Незадолго до отъезда отец Николай подошел почему-то к Егору и спросил, носит ли он крест. Егор не носил. Тогда батюшка вынул из недр своего широкого облачения большой медный крест на черной тесемке. «Носи, старайся не снимать никогда. Хоть и неказистый, а настоящий». Егор поблагодарил и хотел было сунуть странный подарок в карман. Но, немного подумав, надел на шею и спрятал под майку.

На поминки приехали в «Мельницу». Батюшка, правда, когда напутствовал, еще в храме, советовал, чтобы не пили: пьют-то как правило для веселья, а какое тут веселье — неизвестно, что с душой покойного будет, душа, она, дескать, освободилась от всего земного, понимает: все это лишнее; не стоит ее травмировать, пока она рядом с нами находится. Старший-средний услыхал конец разговора и решил поучаствовать.

— Это в смысле, ее жаба задушит, типа? Да?

— Что-что?… А… знаете, никто ведь точно ничего не скажет. Может быть, ангелы поднимут ее на крыльях и вознесут к Богу. Будем уповать и молиться.

Священник попрощался и ушел в алтарь.

— Баран ты, — наехал старший-старший, — тебе дело говорят, а ты выдрючиваешься. Ща нажрешься и беспредел устроишь. Кому-нибудь морду набьешь. Или начнешь эту… как ее… «стрелку» свою забивать. Ну и что? Вот тебе и поминки. А ты представь, каково сейчас бате. Там. Откуда ни одна душа не возвращалась, блин. Может, его там черти мучают или еще что. Мытарства всякие. Чё мы об этом знаем-то? А раз человек говорит — поп в смысле, значит, в курсе. Конечно, мы привыкли, что без водки ничего не делается. Но это неправильно. Можно и без водки. Тем более поминки. Как ты не понимаешь-то, брат?

— Да пошел ты…

Народу в «Мельницу» пришло до ядрени хрени. В основном пожрать на халяву. Сразу водку пооткрывали, стали за усопшего пить, не чокаясь. Старший-старший за покойника и детей его сирот упился в такую помойку, что одному почетному гостю морду пытался набить, а когда не получилось (оттащили), стал с ним «стрелу» забивать, типа — разборки. А тот — просто старый еврей преклонных годов, щуплый, сутулый, хромой, с носом как баклажан, какие там стрелки-белки. Помирить не помирили, но кое-как устаканили ситуацию. Скоро старший-старший заснул тут же, под стенкой. Старший-средний весь день мирно сидел — пил, правда, но втихаря. Потом расплакался, уже к вечеру ближе, к ночи. Егор его успокаивал.

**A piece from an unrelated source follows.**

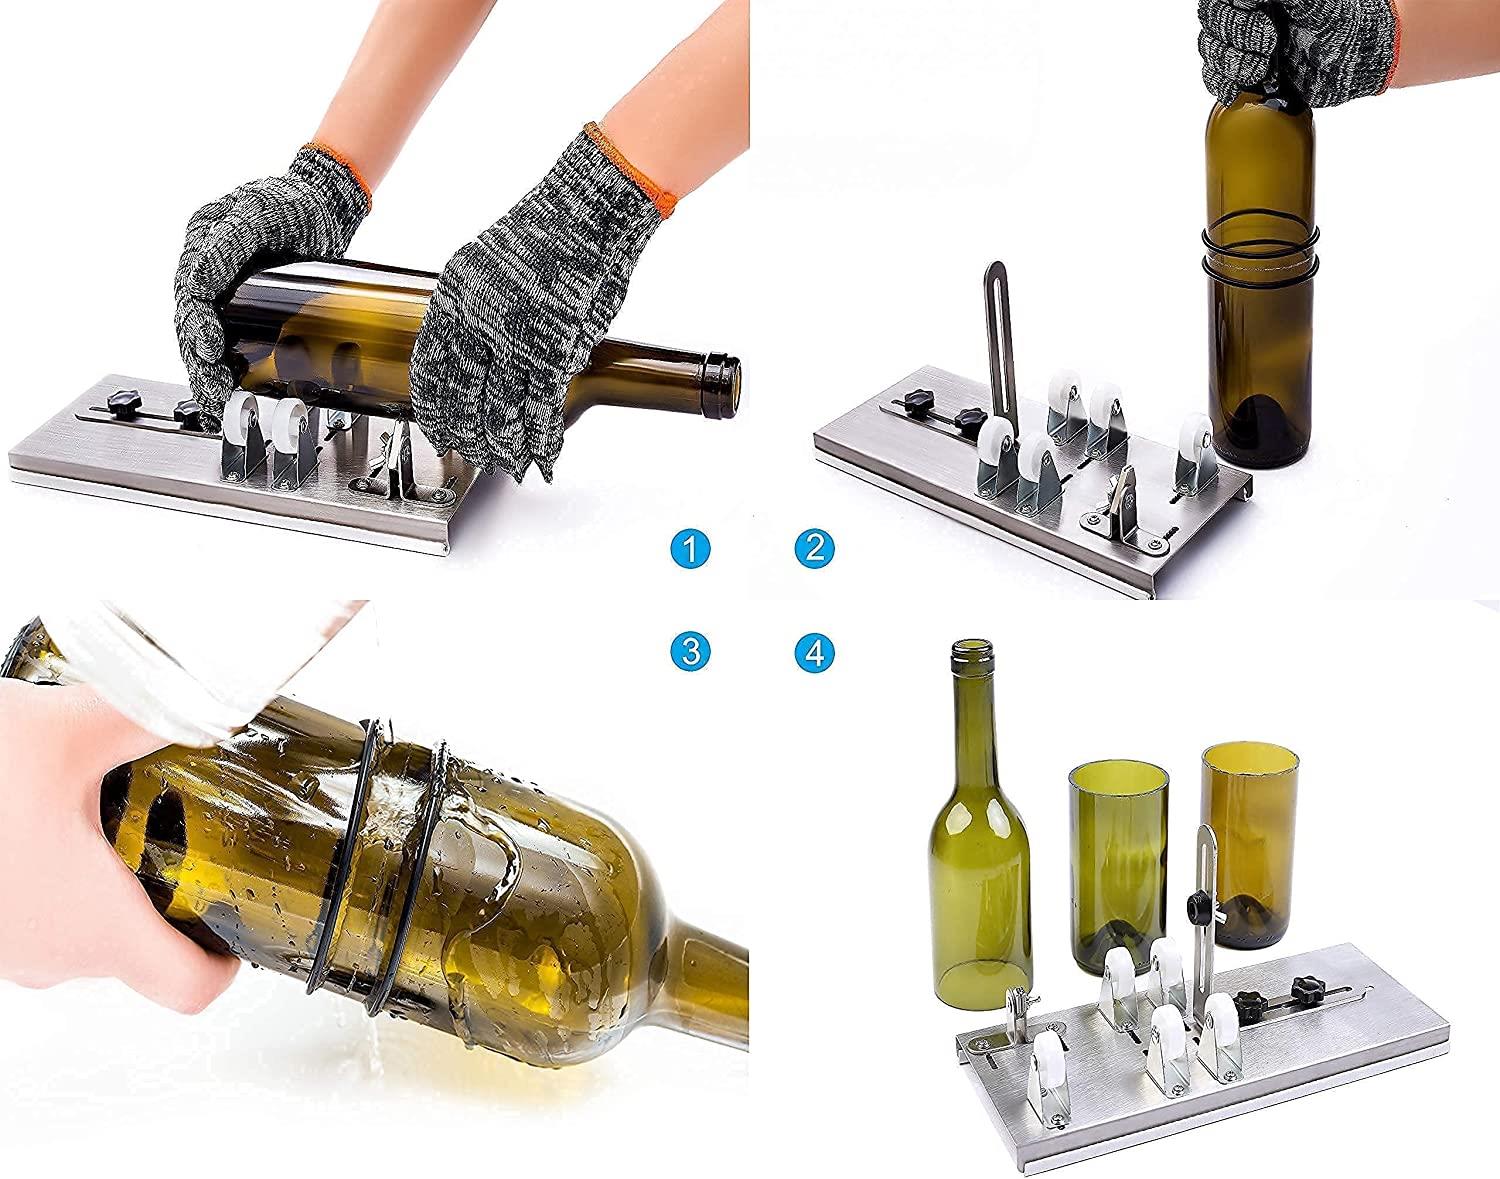 Glass Bottle Cutter & Accessories Kit, Upgraded Glass Cutter for

В конце концов старший-средний распсиховался, стал «волыной» махать, обещал всех паскуд-докторишек грохнуть, а заодно и ментов поганых, за то, что родителя его не уберегли. Один раз пальнул-таки в пол, да так сам удивился, что из «Мельницы» выскочил, оседлал отцовского «козлика» и дернул. Мельник завел себе как-то давно допотопный «уазик» для всяких хозяйственных нужд, и, естественно, называли его все «козлом». Ну вот… Выбежал, значит, Мельников-средний и ускакал на «козле». Месяца два их обоих не видели.

Весь этот вечер Егору не давал покоя последний разговор с отцом. За день до смерти отец позвал Егора в палату и, захлебываясь дыханием, сипло рассказал нечто, похожее на бред умирающего.

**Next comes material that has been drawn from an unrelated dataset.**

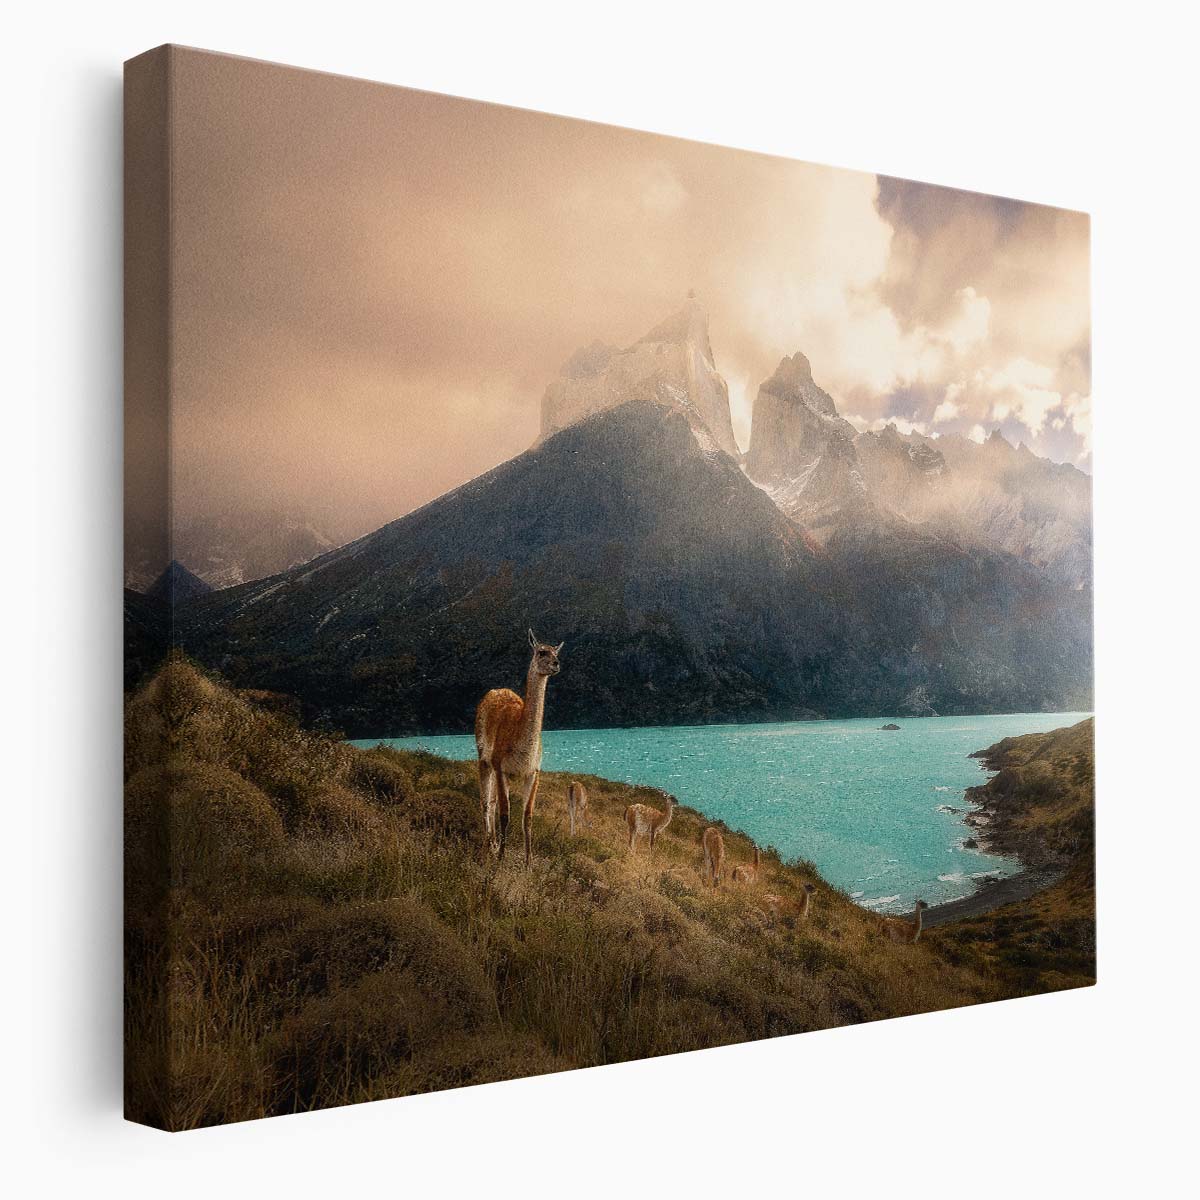 Torres del Paine Alpaca & Mountain Lake Wall Art by Luxuriance Designs. Made in USA.

Смысл дошел позднее, а тогда, в белой комнате со сплетениями мягких трубок, кислородными кранами, нагромождением бутылок и электроприборов, Егор просто смотрел на этого полузнакомого осунувшегося человека, в котором с трудом узнавал отца.

Мельников-старший почти не шевелился. Егор с удивлением обнаружил, что у отца светло-серые глаза — как-то особо они выделялись теперь на бледном лице, — а еще седые лохматые брови и одна рассечена белым, давно зарубцованным шрамом.

Егор смотрел на отца осторожно, словно боялся взглядом обидеть или сообщить что-то лишнее, и слушал (как тогда казалось) одни интонации. И они ему не понравились. Мельников-старший говорил о жене. И о сыне. Четвертом. Точнее, о третьем. Который родился в один день с Егором, чуть раньше, и прожил только несколько жутких минут.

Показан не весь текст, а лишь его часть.